Granted, there are legitimate questions about the constitutionality of allowing the National Security Agency to spy on all foreign communications with any “suspected terrorists” even when one party may be in the United States and entitled to the Fourth Amendment’s protections. In this instance, however, a majority of Democrats in both the House and Senate are convinced and have aligned with their Republican colleagues in support of this program—that is, on everything but the telecom immunity. The Senate bill provides it; the House bill does not.
We should be concerned about our national safety before we worry about corporate forgiveness. It has always been the purported policy of the Bush administration to make the safety of Americans the top priority. Let’s keep it that way. [CNet, Wired] - Executive Editor Justin Hemlepp, CONCURRING in part, and DISSENTING in part.

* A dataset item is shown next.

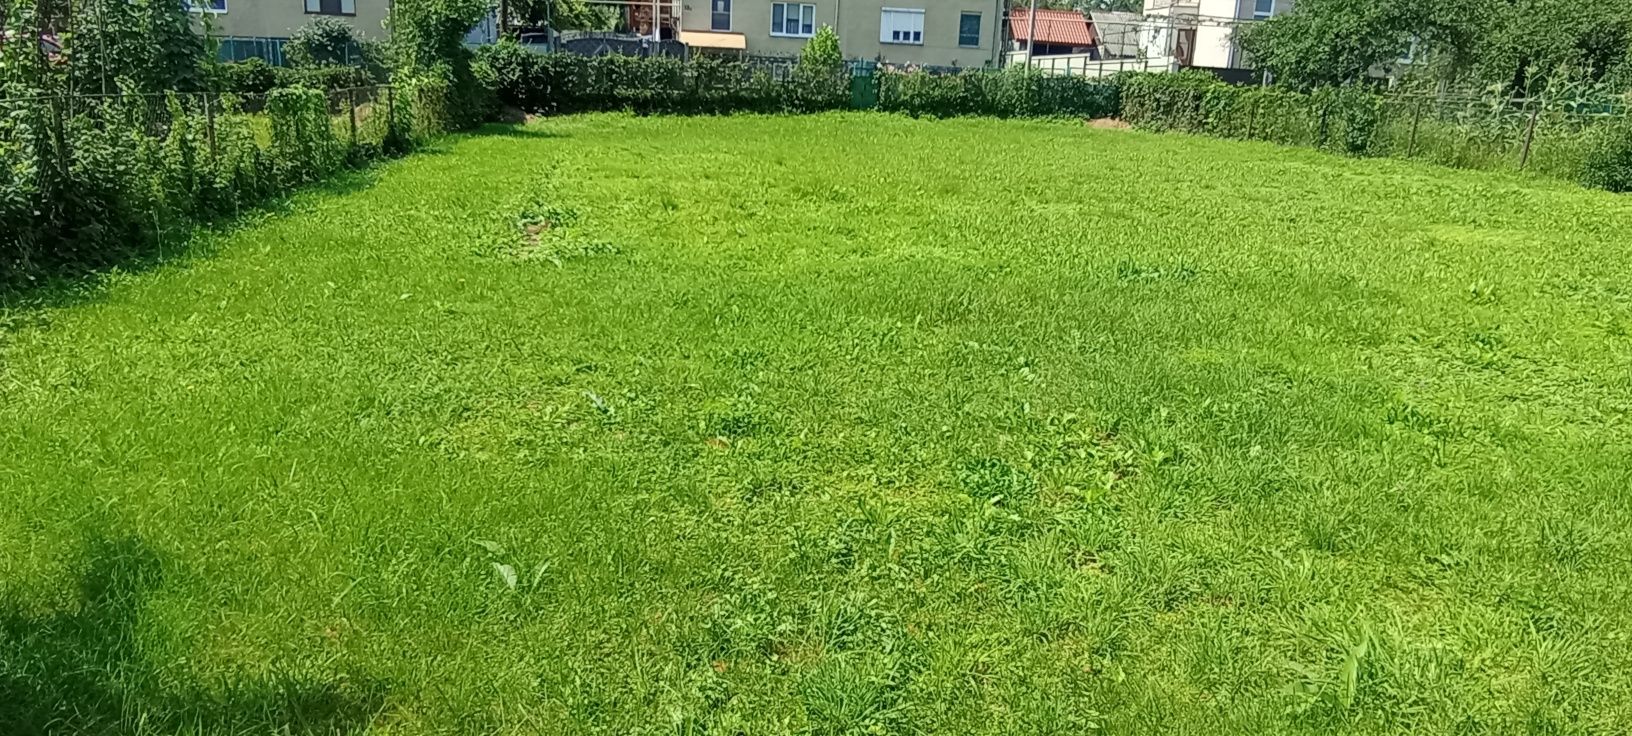 Продамо земельну ділянку з будинком Поляна Закарпатської

According to the American Civil Liberties Union, the Protect America Act of 2007 “allows for massive, untargeted collection of international communications without court order or meaningful oversight by either Congress or the courts. It contains virtually no protections for the U.S. end of the phone call or email, leaving decisions about the collection, mining and use of Americans’ private communications up to this administration."
Since I agree that the issue of telecom immunity should not be a roadblock to effective national security, I concur with the Board’s implication that Bush should not veto security legislation simply because it does not immunize corporations from lawsuits. However, setting aside the immunity issue, the Protect America Act would be another dangerous encroachment on the freedoms Americans hold so dear. Accordingly, I strongly dissent from the opinion that the Protect America Act should be passed at all. [ACLU, Washington Post]
Asst. Managing Editor Dwayne Robinson abstains from all staff editorials.